Levene’s test is significant for our three-level gender variable. We are ignoring this and continuing with the analysis anyway, but in the real world this is something we would have to correct for.
aov_model <- aov_ez(data = d,
id = "row_id",
between = c("gender"),
dv = "moa_maturity",
anova_table = list(es = "pes"))
## Contrasts set to contr.sum for the following variables: gender
Effect size cutoffs from Cohen (1988):
nice(aov_model)
## Anova Table (Type 3 tests)
##
## Response: moa_maturity
## Effect df MSE F pes p.value
## 1 gender 2, 3130 0.19 8.47 *** .005 <.001
## ---
## Signif. codes: 0 '***' 0.001 '**' 0.01 '*' 0.05 '+' 0.1 ' ' 1
afex_plot(aov_model, x = "gender")
Only run posthocs if the test is significant! E.g., only run the posthoc tests on gender if there is a main effect for gender.
emmeans(aov_model, specs="gender", adjust="tukey")
## Note: adjust = "tukey" was changed to "sidak"
## because "tukey" is only appropriate for one set of pairwise comparisons
## gender emmean SE df lower.CL upper.CL
## f 3.610 0.008977 3130 3.589 3.632
## m 3.542 0.015399 3130 3.506 3.579
## nb 3.500 0.058564 3130 3.360 3.640
##
## Confidence level used: 0.95
## Conf-level adjustment: sidak method for 3 estimates
pairs(emmeans(aov_model, specs="gender", adjust="tukey"))
## contrast estimate SE df t.ratio p.value
## f - m 0.0678 0.0178 3130 3.802 0.0004
## f - nb 0.1102 0.0592 3130 1.861 0.1504
## m - nb 0.0425 0.0606 3130 0.701 0.7627
##
## P value adjustment: tukey method for comparing a family of 3 estimates
To test our hypothesis that there would be a significant effect of gender on maturity, we used a one-way ANOVA. Our data was unbalanced, with many more women participating in our survey (n = 2298) than men (n = 781) or non-binary and other gender participants (n = 54). This significantly reduces the power of our test and increases the chances of a Type II error. A significant Levene’s test (p = .024) also indicates that our data violates the assumption of homogeneity of variance. This suggests that there is an increased chance of Type I error. We continued with our analysis for the purpose of this class.

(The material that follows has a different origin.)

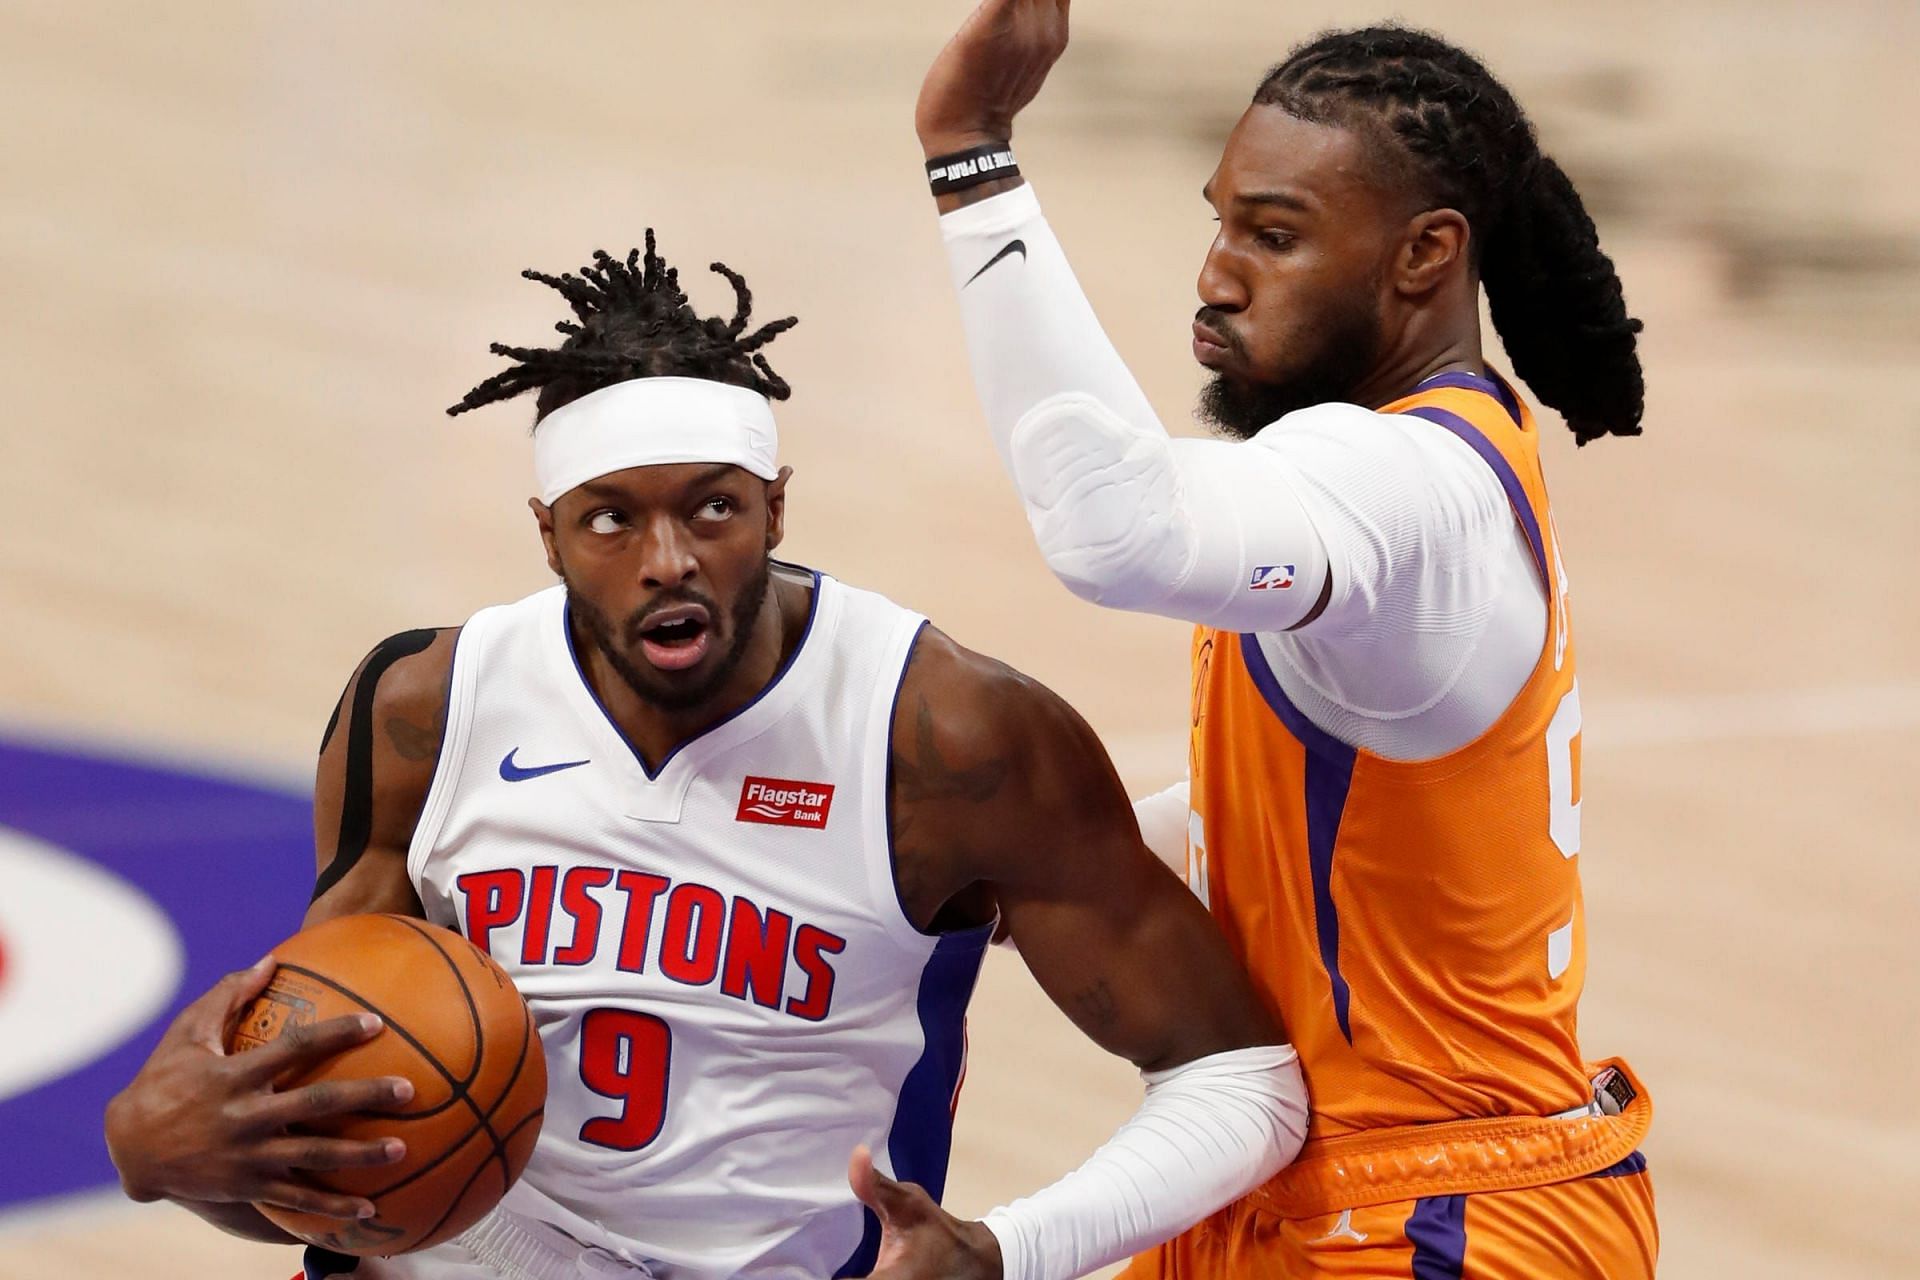 The Phoenix Suns are looking to extend their NBA-best 17-game winning run against the slumping Detroit Pistons on Thursday. [Photo: Detroit Free Press]

We found a significant effect of gender, F(2,3130) = 8.47, p < .001, ηp2 = .005 (small effect size; Cohen, 1988). Posthoc tests using Sidak’s test revealed that women showed higher maturity than men and non-binary and other gender participants, while men also showed higher amounts of maturity than non-binary and other gender participants (see Figure 1 for a comparison).
References
Cohen J. (1988). Statistical Power Analysis for the Behavioral Sciences. New York, NY: Routledge Academic.